Docker — Master Docker Layer Caching

What is Docker Layer Caching?¶

Docker Layer Caching is a feature of Docker, a popular containerization platform, that enhances the efficiency of building Docker images. When a Docker image is built, it is composed of multiple layers, with each layer representing a filesystem change.

Layer caching works by caching the intermediate layers of an image during the image build process. When Docker builds an image, it executes each instruction in the Dockerfile, creating a new layer for each instruction. If a layer has not changed since the last build, Docker can reuse the cached layer instead of rebuilding it. This significantly speeds up the image build process, especially when changes are made to the Dockerfile or application code.

Layer caching helps reduce the time and resources required to build Docker images, making the development and deployment process more efficient.

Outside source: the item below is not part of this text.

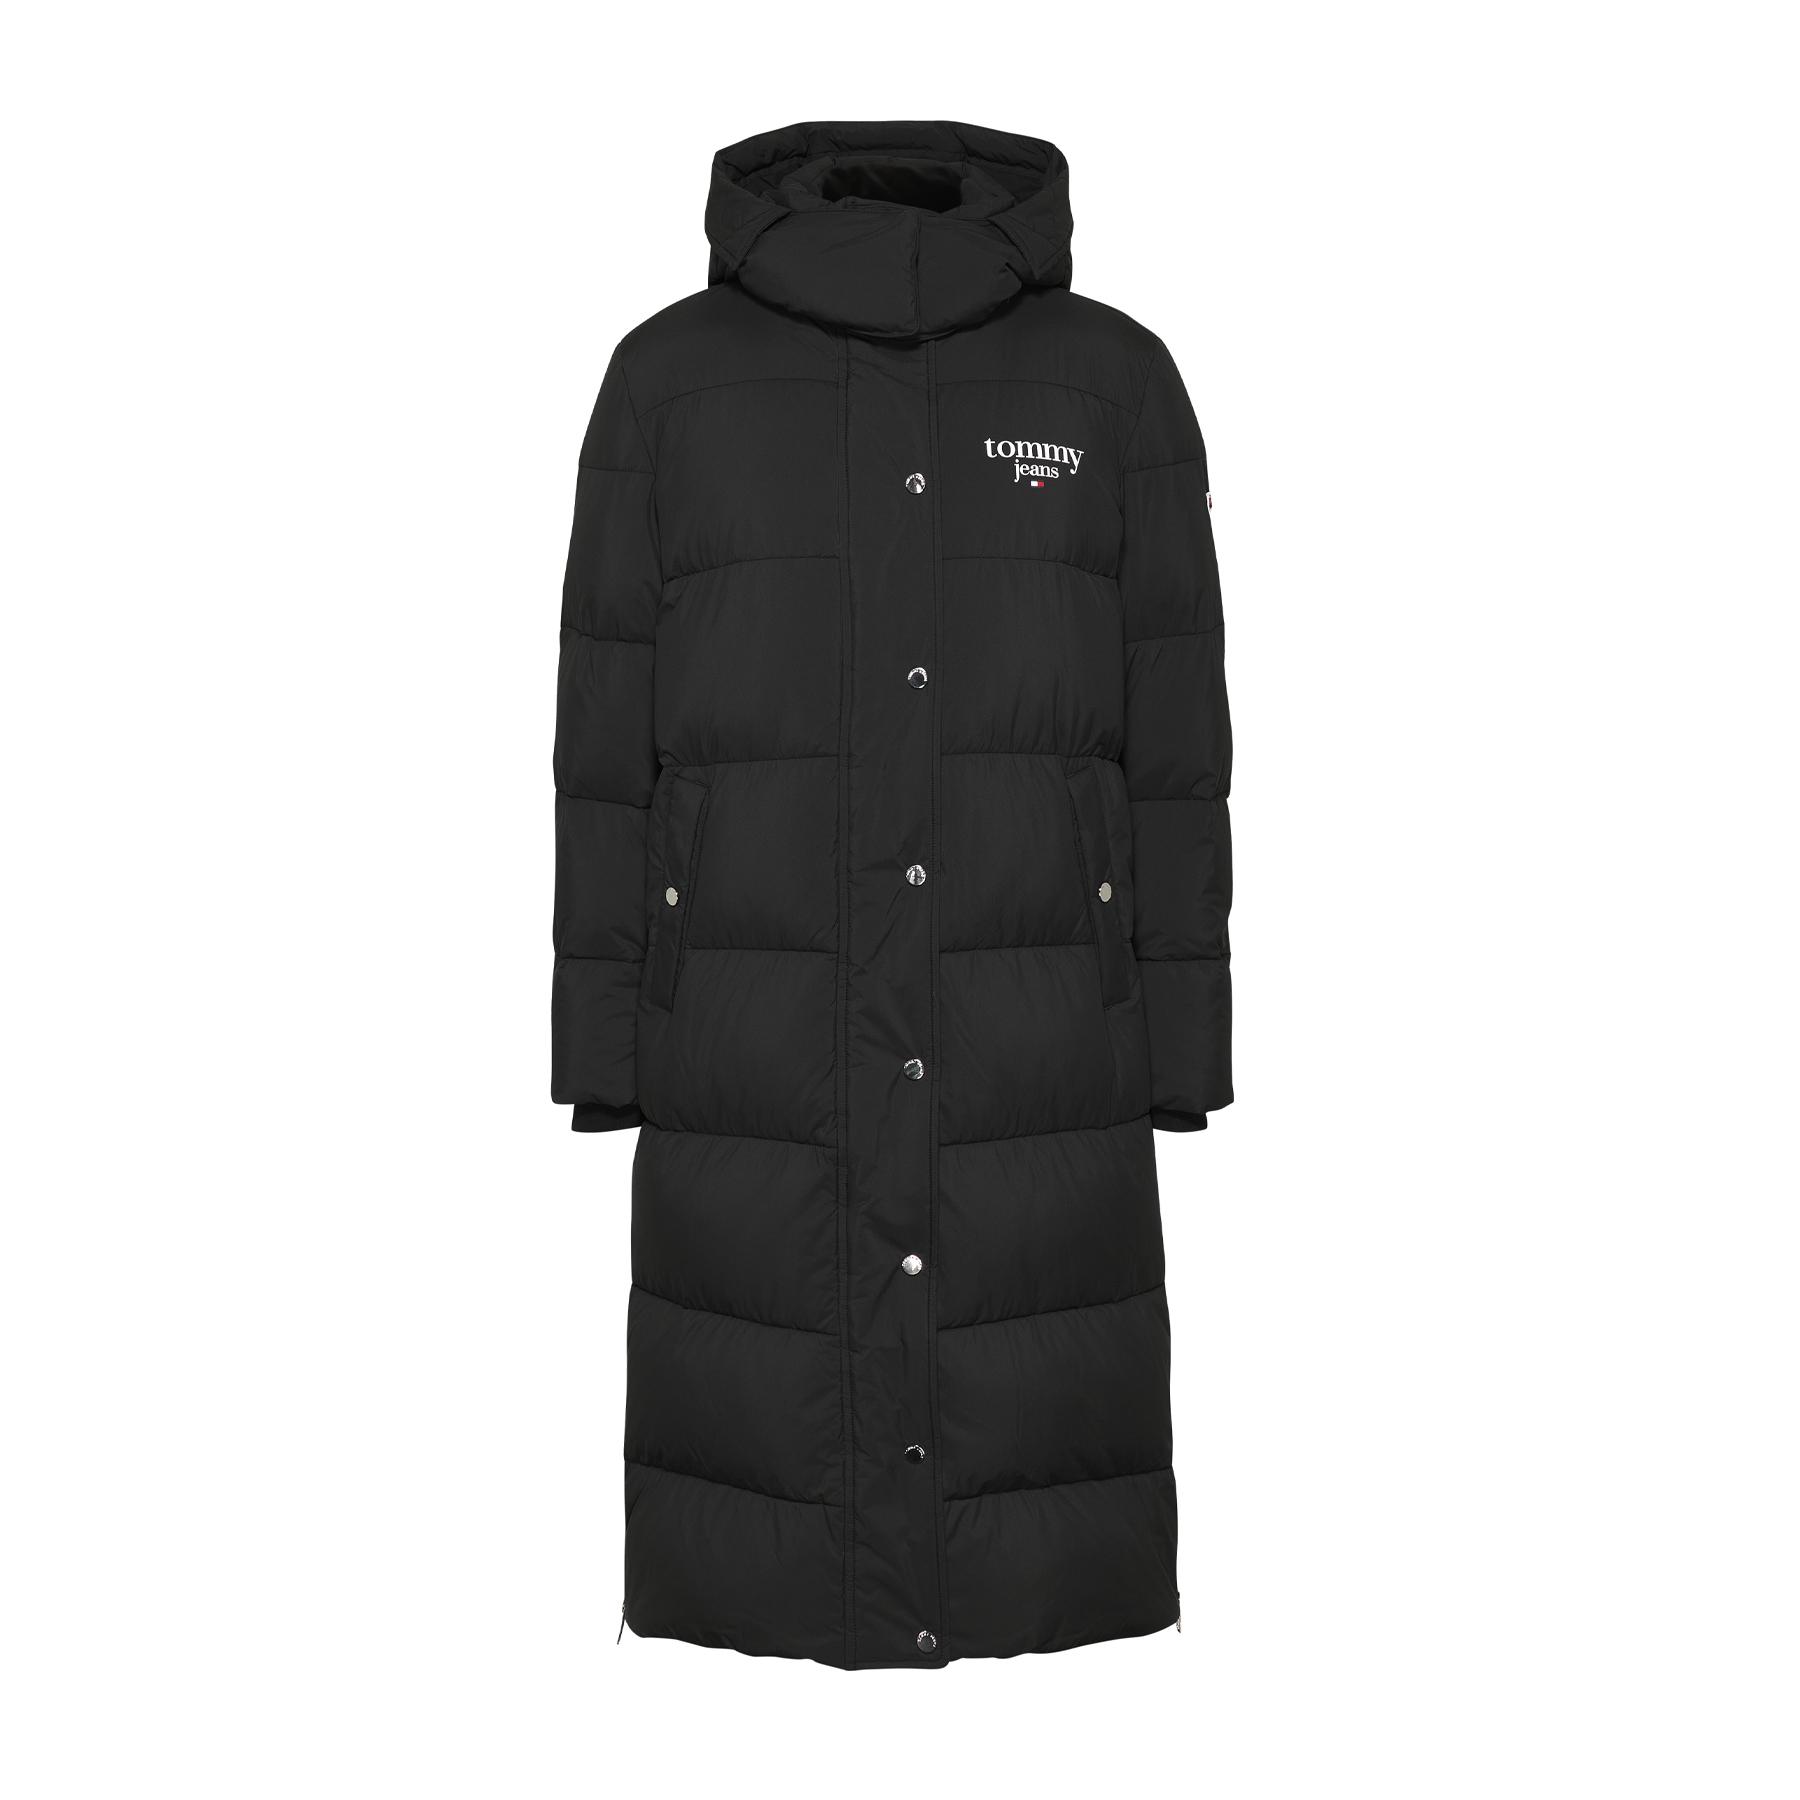 Tommy Hilfiger Graphic Longline Puffer Jacket in Black | Lyst

It is particularly beneficial in Continuous Integration/Continuous Deployment (CI/CD) pipelines where frequent image builds are performed.

Pic from r-bloggers

When you generate an image based on the Dockerfile, and use the container generated by this image to shorten the life cycle of the container as much as possible, please do not use the container as a vm. The container can be stopped or destroyed, and then a new container can be regenerated according to the changes in settings and configuration.

Even though Docker greatly reduces the difficulty of getting started with container technology, there are many skills to understand in the process of building a container image that is both powerful and compact.

Layer Caching in Docker¶

When building a Docker image, each command in the Dockerfile adds a new layer to the image. These layers capture the changes made to the filesystem by each command. Docker employs a caching mechanism to store these intermediate layers.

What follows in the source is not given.